Stored data.
┌──

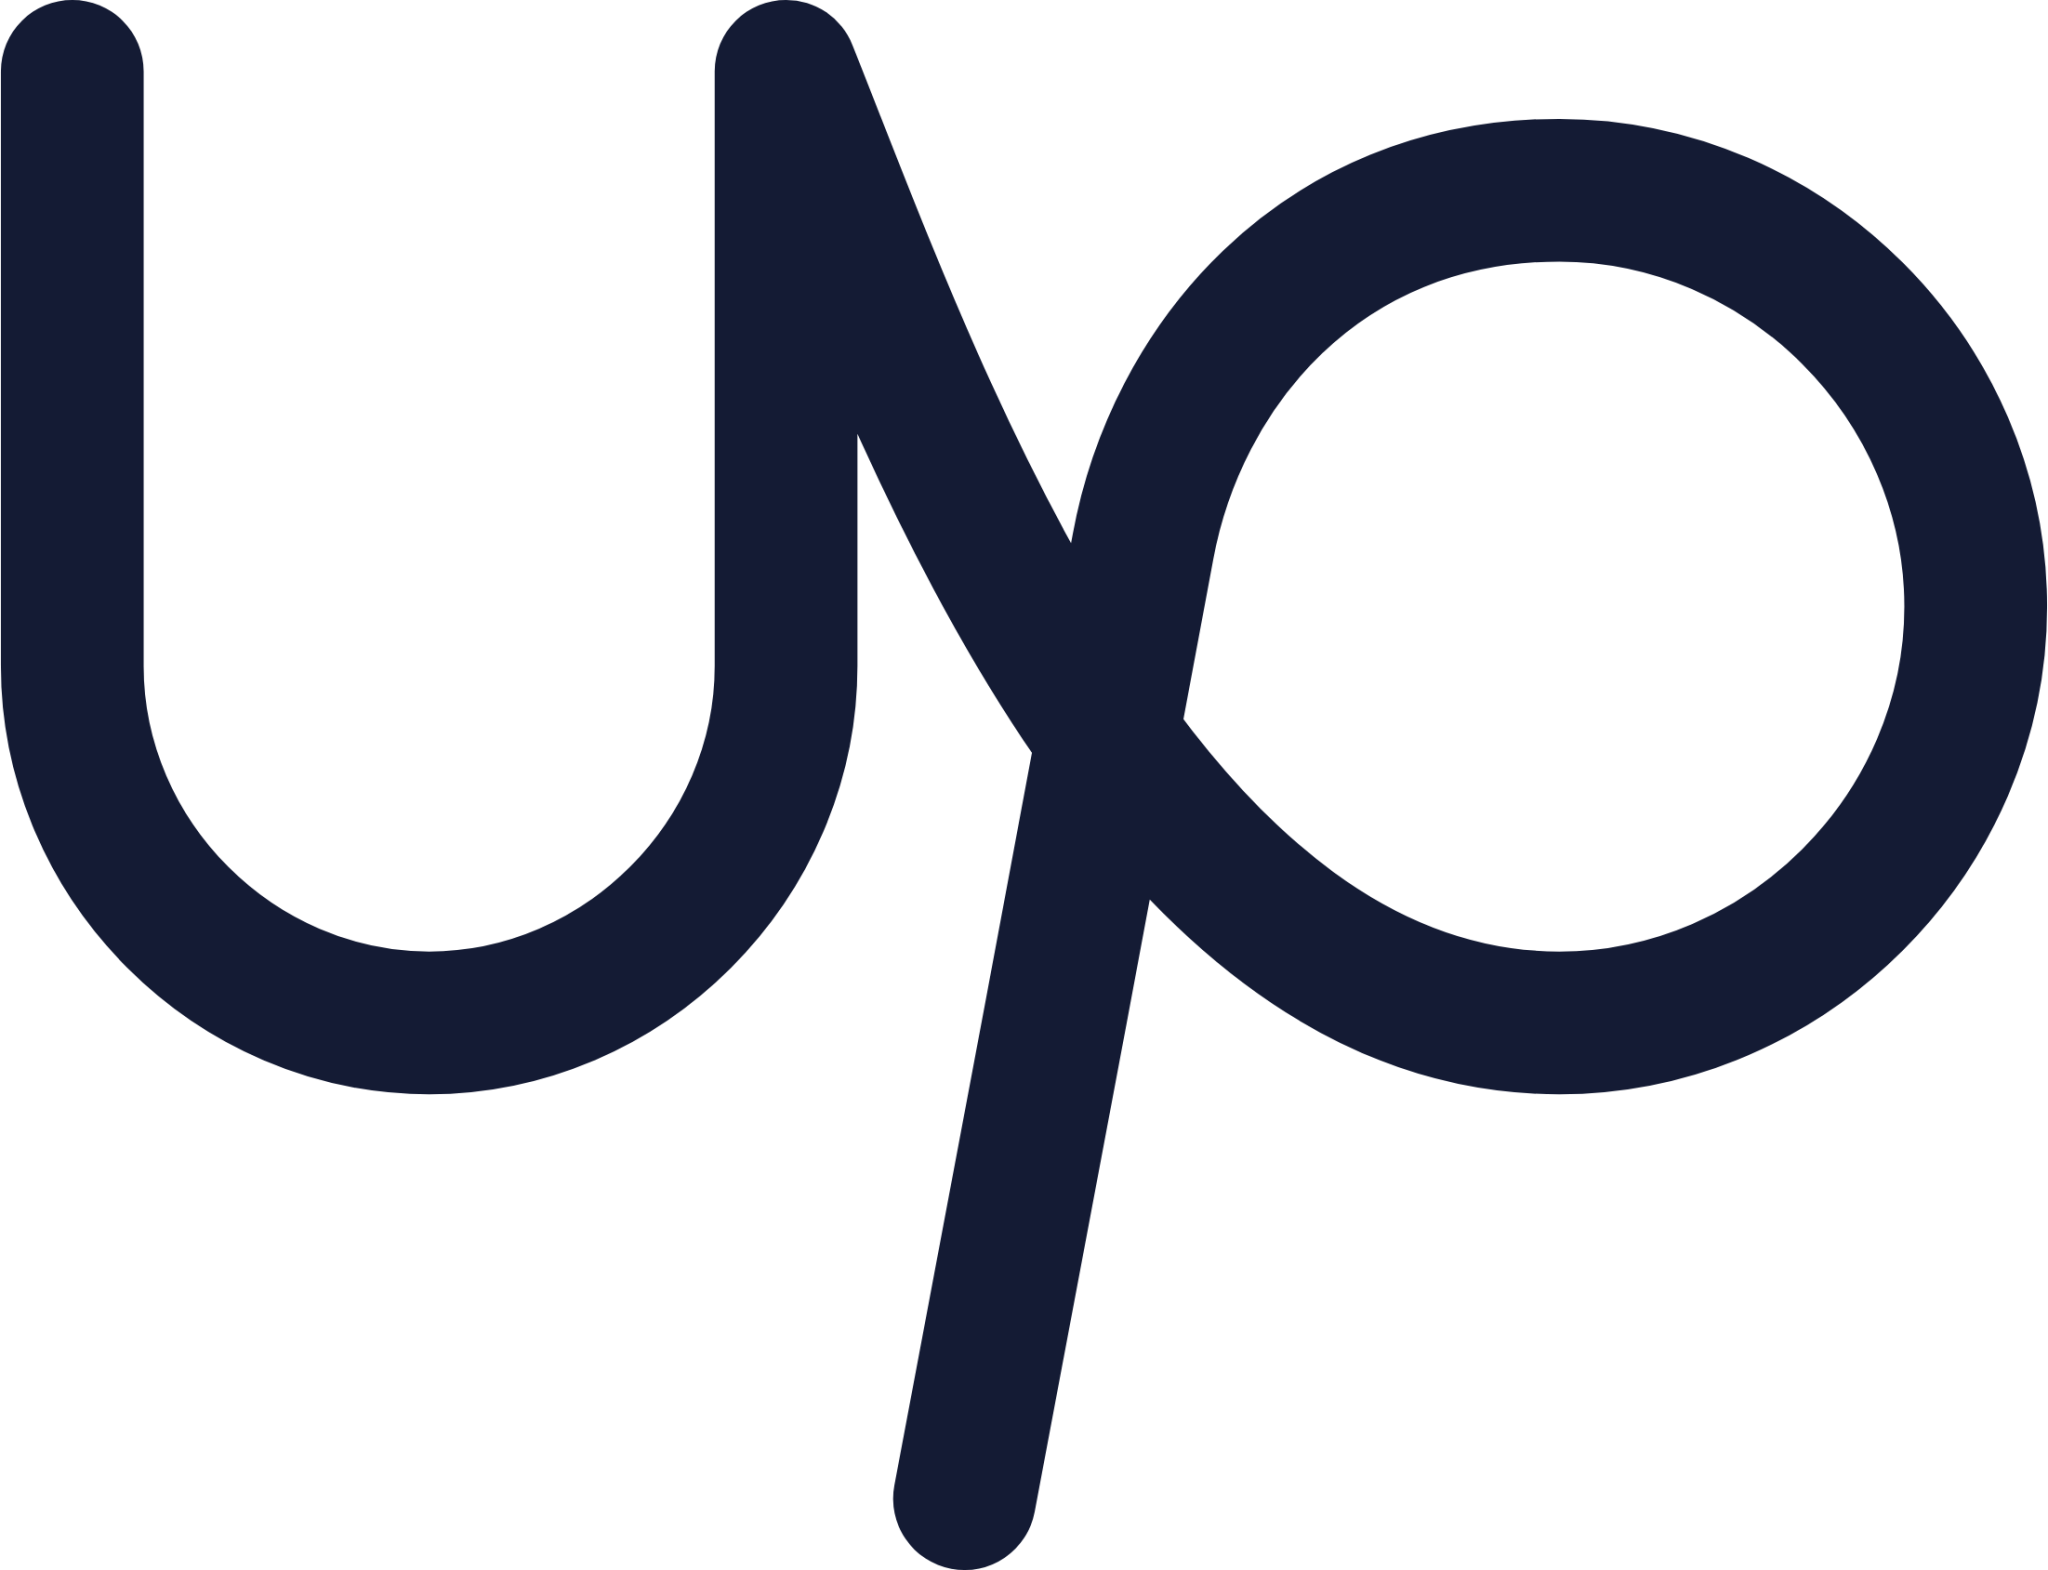 upwork icon
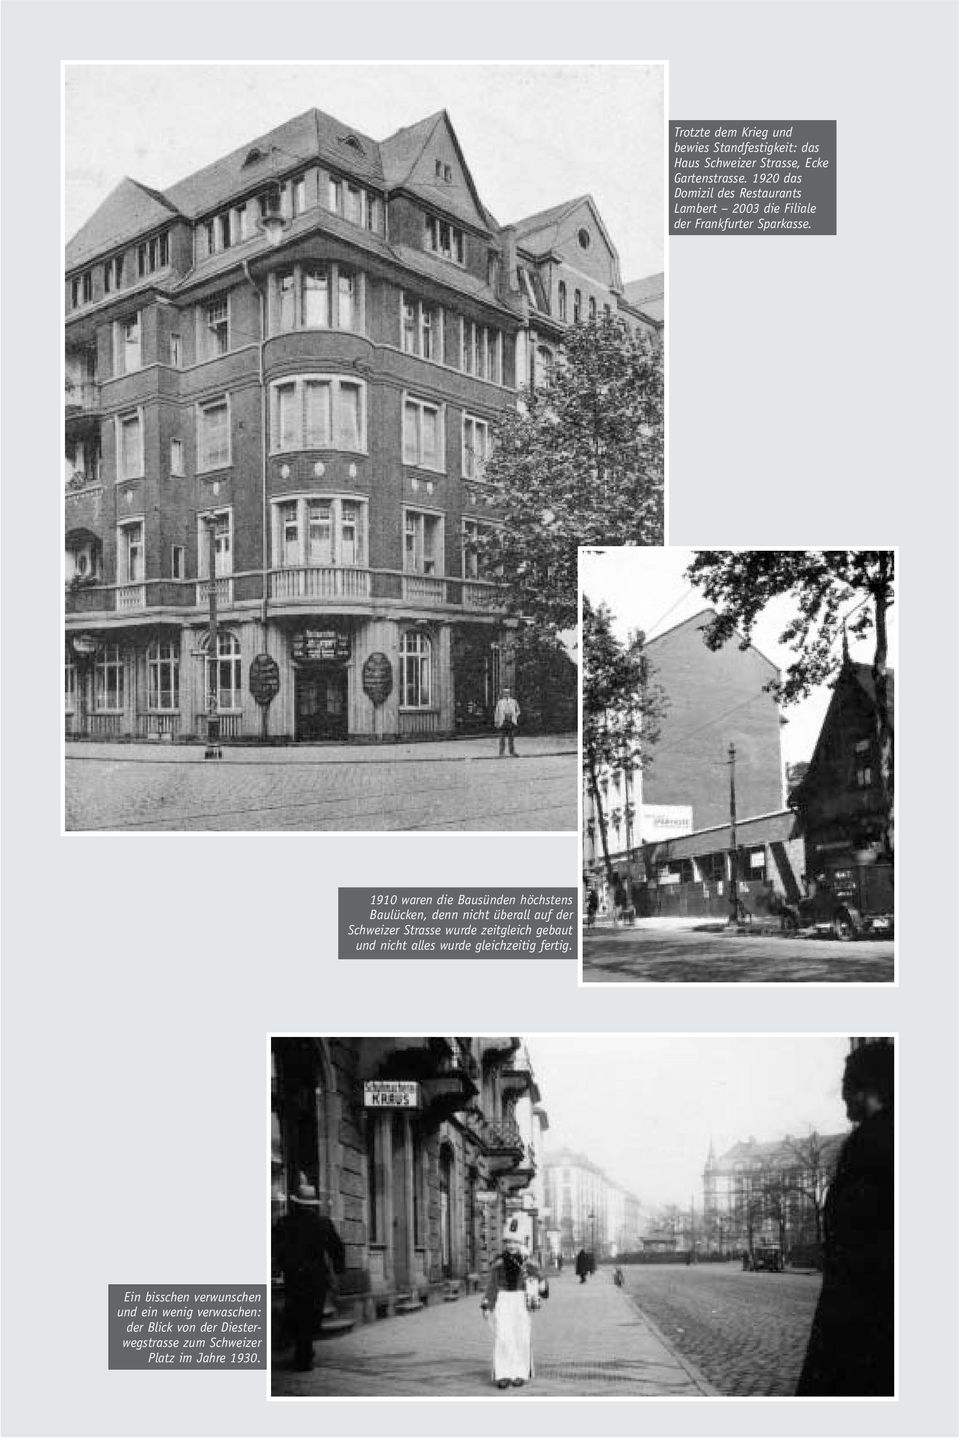 1910 waren die Bausünden höchstens Baulücken, denn nicht überall auf der Schweizer Strasse wurde zeitgleich gebaut
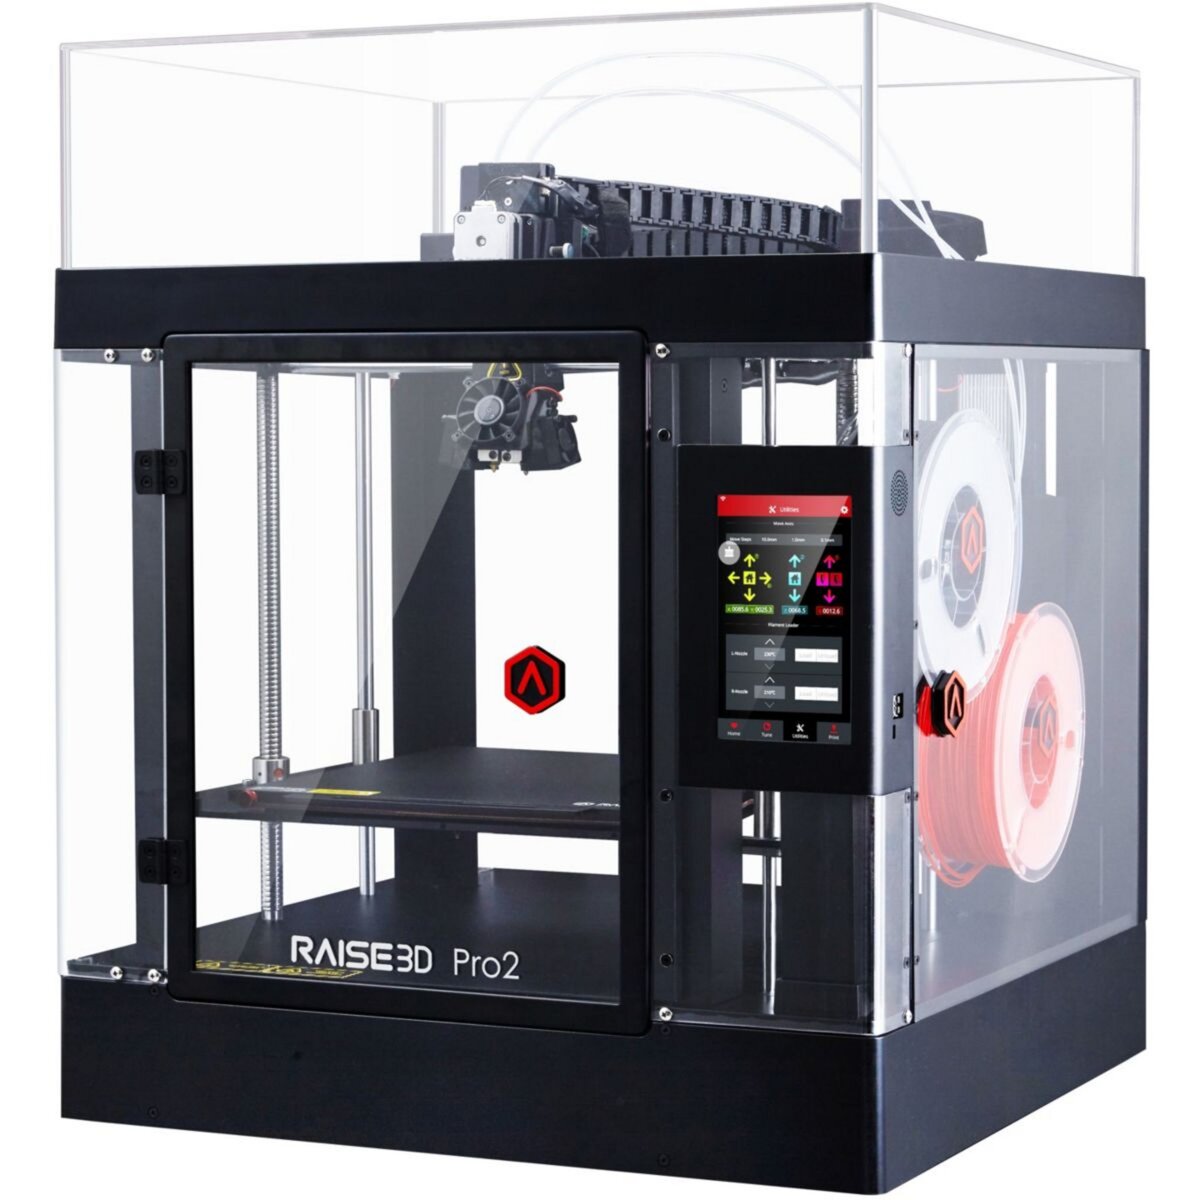 RAISE3D Imprimante 3D Raise3D Pro2 pas cher

└──

Work required. Each line of the data should be printed again exactly. Please leave pictures out.

Output.
 upwork icon
 1910 waren die Bausünden höchstens Baulücken, denn nicht überall auf der Schweizer Strasse wurde zeitgleich gebaut
 RAISE3D Imprimante 3D Raise3D Pro2 pas cher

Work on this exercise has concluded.